2. Corpus design and development: R. Garabík, corpus data: V. Benko, final development: I. Uhliarik.
The corpus is lemmatised and morphologically annotated by MorphoDiTa tagger which has been trained and tuned on tagset developed by the SNK, when texts are given basic information about their URL and time of acquisition.
Version web-4.0
The current version of the corpus web-4.0 containing 2 963 462 451 tokens was released in January 2018.
1. Corpus design and development: R. Garabík, new corpus data: V. Benko.
The corpus is lemmatised and morphologically annotated by MorphoDiTa tagger which has been trained and tuned on tagset developed by the SNK, when texts are given basic information about their URL and time of acquisition.
Version web-3.0
1. Corpus design and development: R. Garabík, R. Brída, new corpus data: V. Benko.
The version of the corpus web-3.0 containing 2 372 769 958 tokens was released in March 2015.
Web corpus was a collection of Slovak texts downloaded from the web that were provided by the Faculty of Informatics of Masaryk University in Brno in 2010 (a collection of 988 474 323 tokens, including duplicate content and texts in Czech), also Slovak texts downloaded from the web by SNC during 2011–2012 (489 869 717 tokens, excluding duplicate content and foreign texts) and Slovak texts from the project Araneum (3 221 914 708 tokens, including duplicate content and foreign texts).
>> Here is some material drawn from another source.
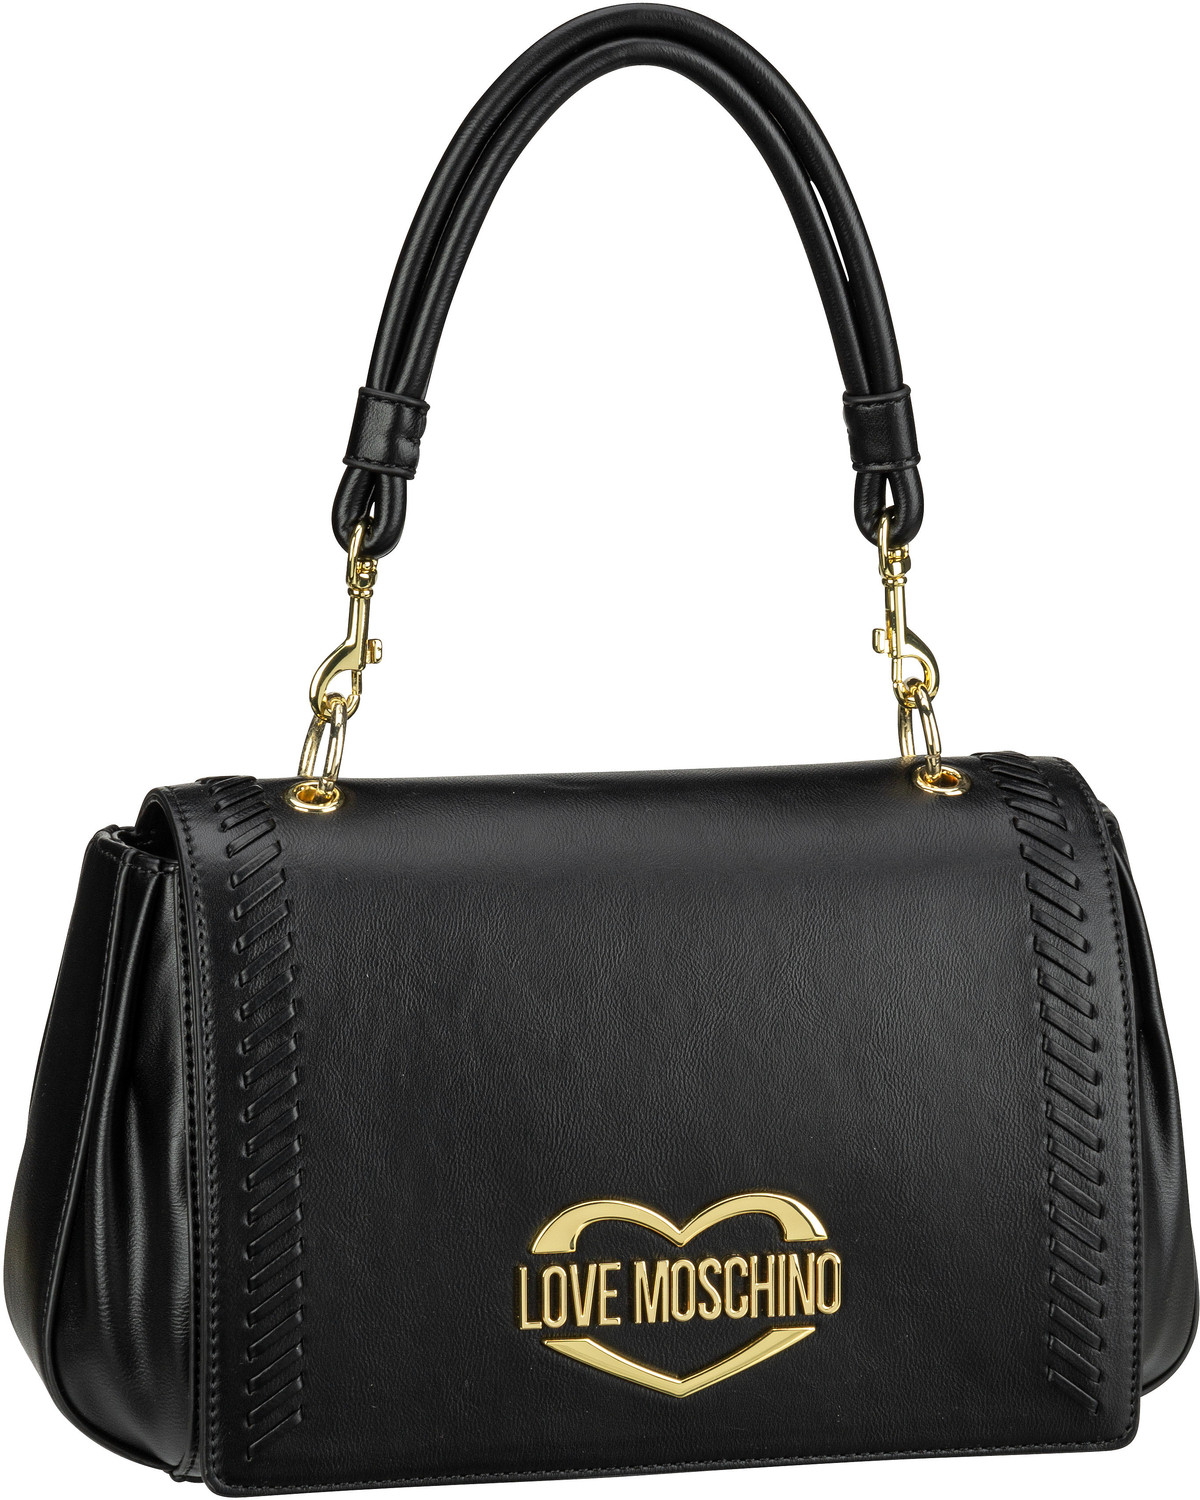 Love Moschino Whip Stitch Shoulder Bag 4055 - Black
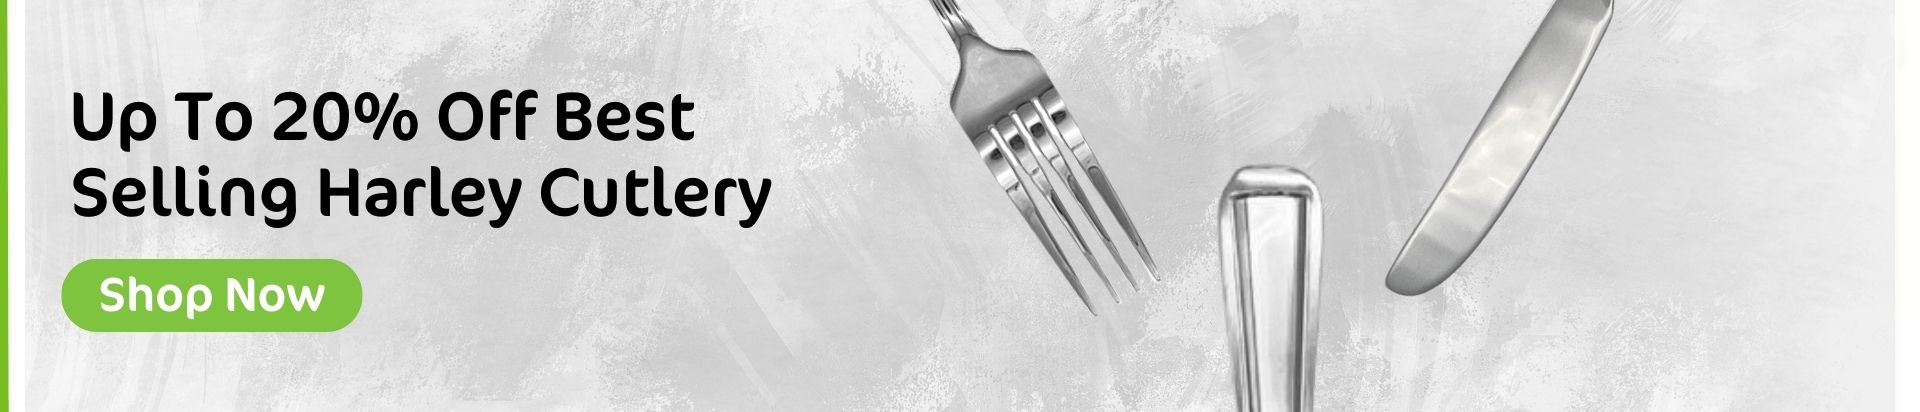 Cutlery Offer

The corpus texts are lemmatised and morphologically annotated, bibliography is provided. The lists of the 1000 most frequent word forms and lemmas are available here.
Version web-2.0
1. Corpus design and development: R. Garabík, R. Brída.
The version web-2.0 containing 1 045 558 148 tokens was released in March 2012.
Here you can find a list of the 1000 most frequent word forms and lemmas, as well as the complete lists by frequency.
Version web-1.0
1. Corpus design and development: R. Garabík, data provided by Faculty of Informatics, Masaryk University in Brno
The first version web-1.0 was released in 2011. The corpus, containing 952 095 260 tokens was developed jointly with the Faculty of Informatics, Masaryk University in Brno.